Overview
Emma Thompson
(b. 1959) English actress and screenwriter
Quick Reference
(1959– )
British actress who has won many awards for her versatile acting and an Academy Award for best adapted screenplay for Sense and Sensibility (1996).
Born in London, the daughter of the actress Phyllida Law and the television director Eric Thompson, she studied English literature at Cambridge University, where she performed as a member of Footlights. After graduating Thompson worked on stage before achieving major success firstly playing a Glaswegian art student in the miniseries Tutti Frutti (1987), for which she won a BAFTA award for best actress, and then playing opposite Kenneth Branagh (whom she later married) in the drama series Fortunes of War (1988). Based on the novels of Olivia Manning (1908–80), this was the first of a number of literary adaptations in which she has appeared.
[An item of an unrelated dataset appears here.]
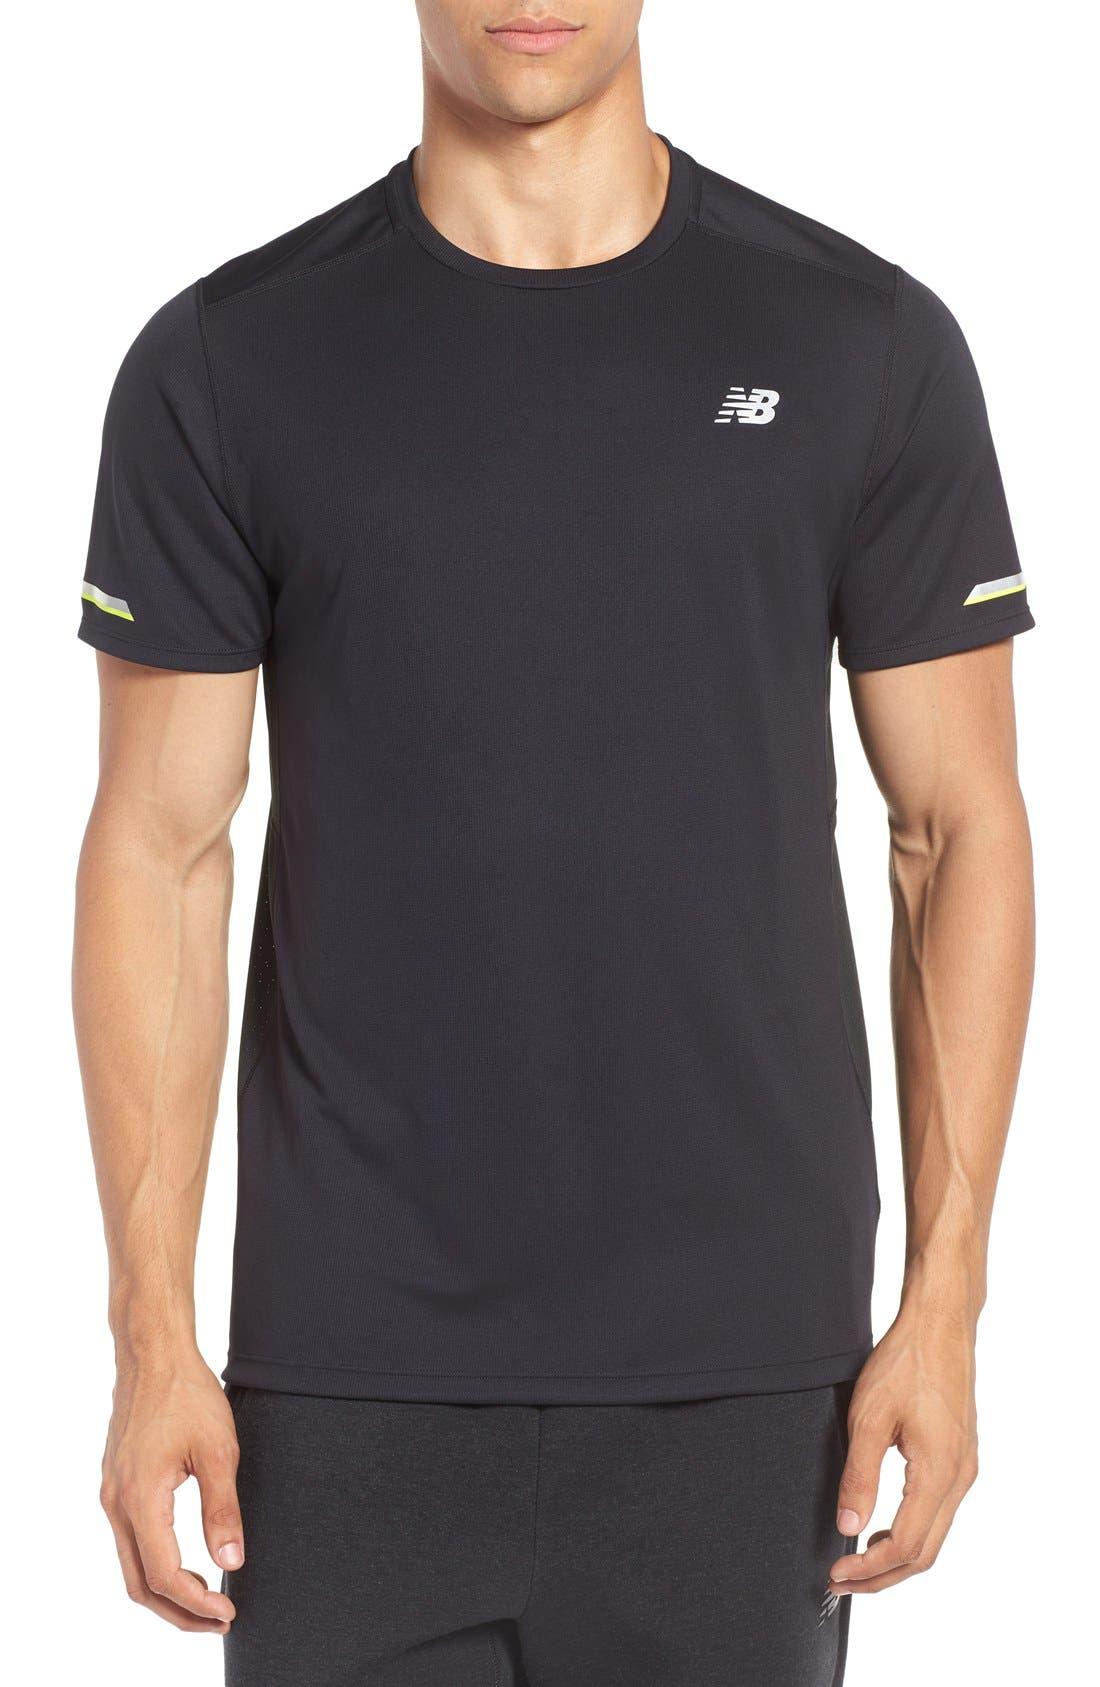 New Balance 'Ice' Athletic Training Shirt

For this performance Thompson won both a BAFTA best actress award and the Variety Club's newcomer of the year award.
Thompson then joined Kenneth Branagh's Renaissance Theatre Company and featured in his film version of Shakespeare's Henry V (1989). During their marriage (1989–95) she starred in a further three films directed by Branagh – the thriller Dead Again (1991), the comedy Peter's Friends (1992), and another Shakespearean adaptation, Much Ado About Nothing (1993). In 1992 Thompson appeared in the Merchant-Ivory screen version of E. M. Forster's novel Howards End, winning a best actress Academy Award and a Golden Globe for her portrayal of Margaret Schlegel. Her performance as the housekeeper in The Remains of the Day (1994), another Merchant-Ivory film, based on a novel by Kazuo Ishiguro (1954– ), gained Thompson an Oscar nomination for best actress. The same year she was also nominated for an Academy Award as best supporting actress for her role as a defence lawyer for the ‘Guildford Four’ in In the Name of the Father. In 1995 she won further praise for Carrington, in which she played the Bloomsbury artist Dora Carrington, who fell in love with Lytton Strachey.
Thompson's screenplay of Jane Austen's Sense and Sensibility (1996) brought her not only an Academy Award but also a Golden Globe; her starring role in the film as Elinor Dashwood earned her a BAFTA award for best actress. Thompson scored a further critical success in Primary Colors (1998), in which she portrayed the ambitious wife of a candidate for the US presidency, a character closely based on Hillary Clinton.